Read more: Softbank-backed firms were good for him, not for IPO buyers
The bankers who worked on the arm’s deal think they’ve botched that start.
Tom Swerling, global head of equity capital markets at Barclays Plc, one of the four major banks in the IPO, said: “The way we think about ARM is that we have acquired a unique asset that has achieved outstanding transaction results in an improved market environment. , said in an interview.
Tech Elite
SoftBank kept a tight lid on the number of shares to help justify its interest, eventually floating just 10% of the company. Softbank cited its broad reach in Silicon Valley to raise more than $700 million from some of the world’s biggest tech investors, including Apple Inc., Nvidia Corp., Intel Corp., Samsung Electronics Co. and others.

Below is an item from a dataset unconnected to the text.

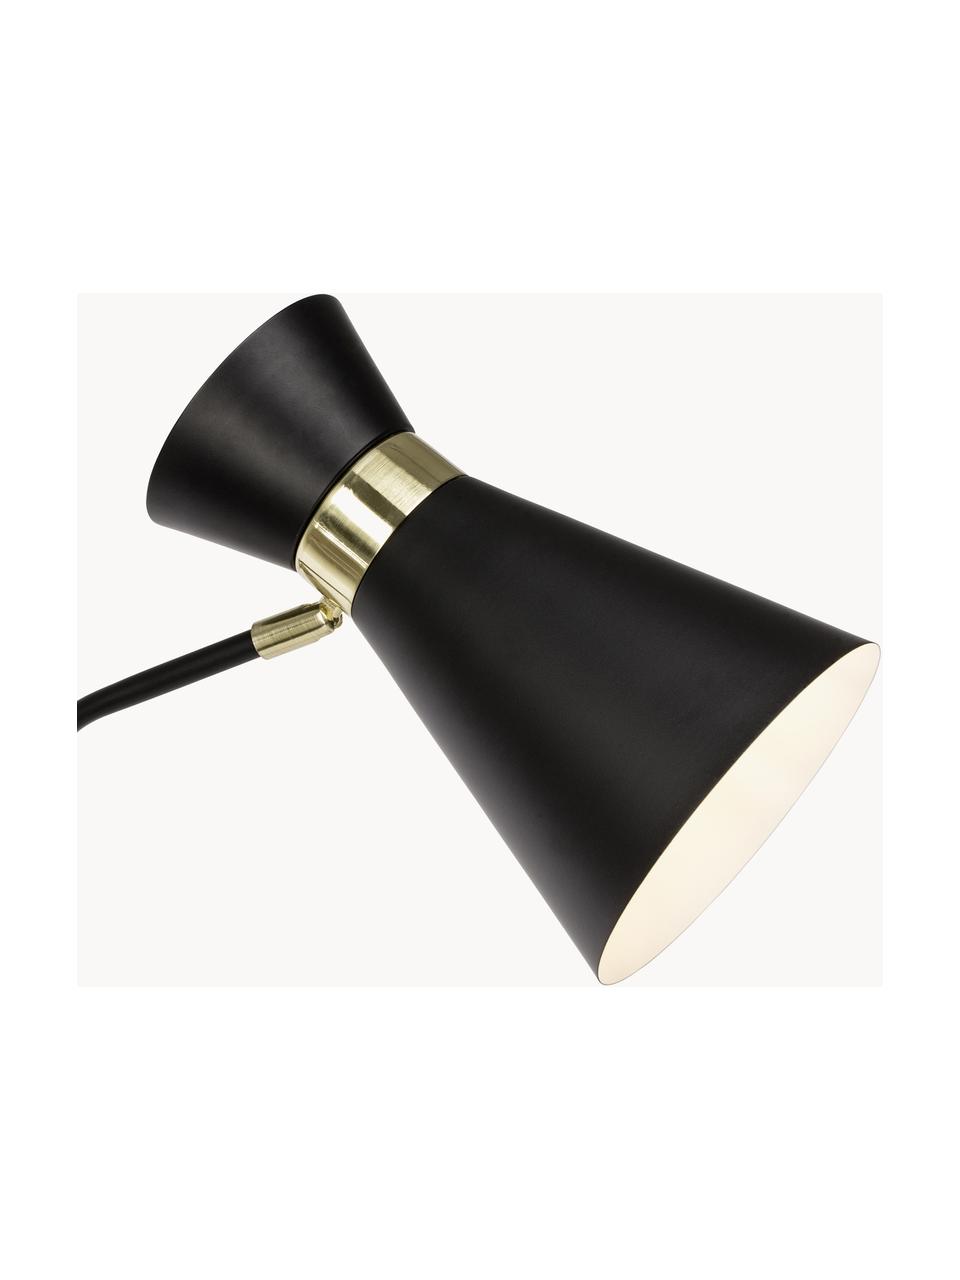 Lámpara de lectura retro de metal Grazia, Pantalla: metal pintado, Negro, dorado, Al 144 cm

The IPO book has attracted many investors, according to people familiar with the matter, who asked not to be identified while discussing confidential information. The top 10 received 50% of the shares, and the top 25 investors received about 70%. He said that there were more than 650 investors in total.
Representatives for Arm and SoftBank declined to comment.
The price meeting that Son called was held at the Manhattan offices of Rain Securities. Raine, who counts SoftBank as an investor, was a financial adviser on the listing and Jeff Sean, Raine’s co-founder and Son’s friend, was in the room, the people said. Barclays officials and the other major underwriters — Goldman Sachs Group Inc., JPMorgan Chase & Co. and Mizuho Financial Group Inc. – And they were there.
During the meeting, an article from the Wall Street Journal had a headline that the price would be 52 dollars, which surprised the bankers and managers, finally at 51 dollars.
Graduation, Bar Mitzvah
After agreeing on the price, the bankers congratulated the team with applause and some of the underwriters went out to cheer.
“It’s a combination of a wedding, a graduation and a bar mitzvah in terms of how people feel about the day,” Haas said in an interview.
The CEO added that the deal has been in the works since last year, when Arm canceled a $40 billion deal to sell itself to Nvidia. The slower market has given the company more time to plan.
“In terms of where the plane landed, compared to where we thought we were six to nine months ago,” he said.
While Arm is now a public company, it still answers to SoftBank, its largest investor, with a 90% stake.
But boy has he moved on to other matters. Even before the stock went public on Thursday, Son said he was texting him about matters unrelated to the IPO.
“He and I are very similar in terms of long-term thinking,” Haas said.
–With assistance from Bailey Lipschultz, Gillian Tan and Min Jeong Lee.